In these small block tests, XFS was able to assert itself with ext4 – and even slightly surpass it with asynchronous 4KiB writes. None of these changes – file system or bitmap support – had a major impact on the overall 4KiB performance of mdraid6.

ZFS Mirrors vs mdraid10

Administrators who need maximum performance should leave the parity arrays behind and switch to mirrors. On the mdraid side, mdraid10 outperforms mdraid6 in every performance metric we tested – and a ZFS mirror pool outperforms mdraid10 in every metric tested.

block size 1MiB

By deactivating bitmaps, 1 MB can also be written for mdraid10 – but only by about 5 percent. Disabling bitmaps also helps mdraid10 a bit when synchronizing write operations. The reading speed is not affected by a bitmap (or its absence).

Similar to the parity arrays, mdraid10 gets a 1MB write spurt – but a much smaller one than mdraid6, and this little spurt doesn’t significantly change mdraid10’s relationship to the faster ZFS mirrors.

Deactivating bitmaps has no effect on the reading performance – and in contrast to RAIDz2, ZFS mirrors also gain with the reading performance of 1 MB.

XFS follows ext4 again on all metrics tested.

Block size 4KiB

Bitmaps have no influence on the 4KiB write performance of mdraid10 – however, XFS is displayed in fewer numbers than ext4. mdraid10 does the same for 4KiB sync writes, whether XFS or ext4, internal bitmaps, or no bitmaps. Bitmaps still have no effect on reading speed – and you shouldn’t expect that either.
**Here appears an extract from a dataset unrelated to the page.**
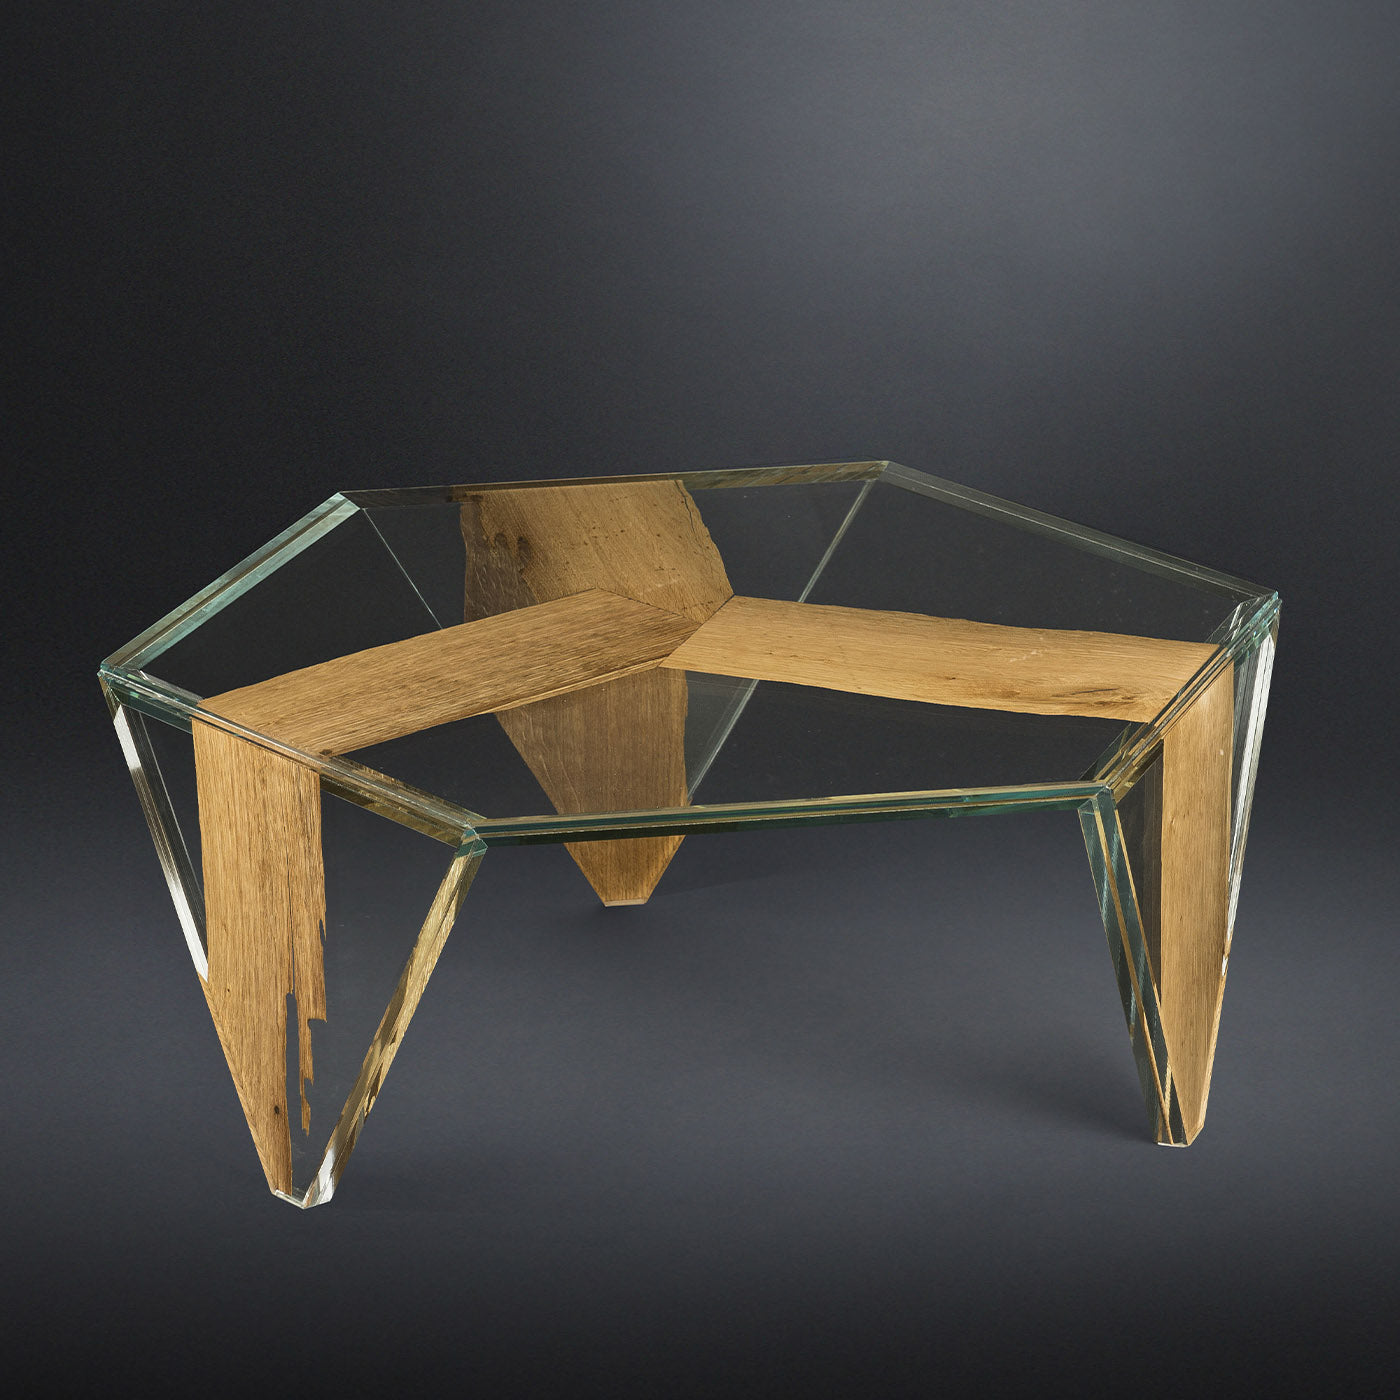 Ruche Venezia Glass and Wood Low Coffee Table - Alternative view 1

With the 4KiB block size, RAID10 has a moderate advantage over ZFS mirrors: Reads that are not cached are approximately 35 percent faster. But mdraid10 gives up a 4: 1 advantage when writing and a 12: 1 advantage when writing synchronously.

The presence or absence of bitmaps shows no visible difference in any 4KiB process. The XFS performance corresponds to that of ext4 when writing and reading synchronizations, but is somewhat slower with asynchronous writes.

Conclusions

Disabling bitmap support does have some effect on the write performance of mdraid6 and mdraid10, but is not day and night in our tests and does not significantly change the relationship of the two topologies to their next ZFS equivalent.

We recommend that you do not deactivate bitmaps, regardless of whether you are interested in this service relationship with ZFS or not. Security features are important, and without bitmaps, mdraid is a bit more fragile. There is an option for “external” bitmaps that can be stored on a fast SSD, but we don’t recommend this either – we’ve seen some complaints about problems with corrupted external bitmaps.

If your big criterion is performance, we can’t recommend XFS over ext4 either. XFS followed ext4 in almost every test, sometimes significantly. Administrators with massive arrays – hundreds of Tebibyte or more – may have other, stability and test-related reasons to choose XFS. But hobbyists with a few hard drives are well served with both and apparently can get a little more power out of ext4.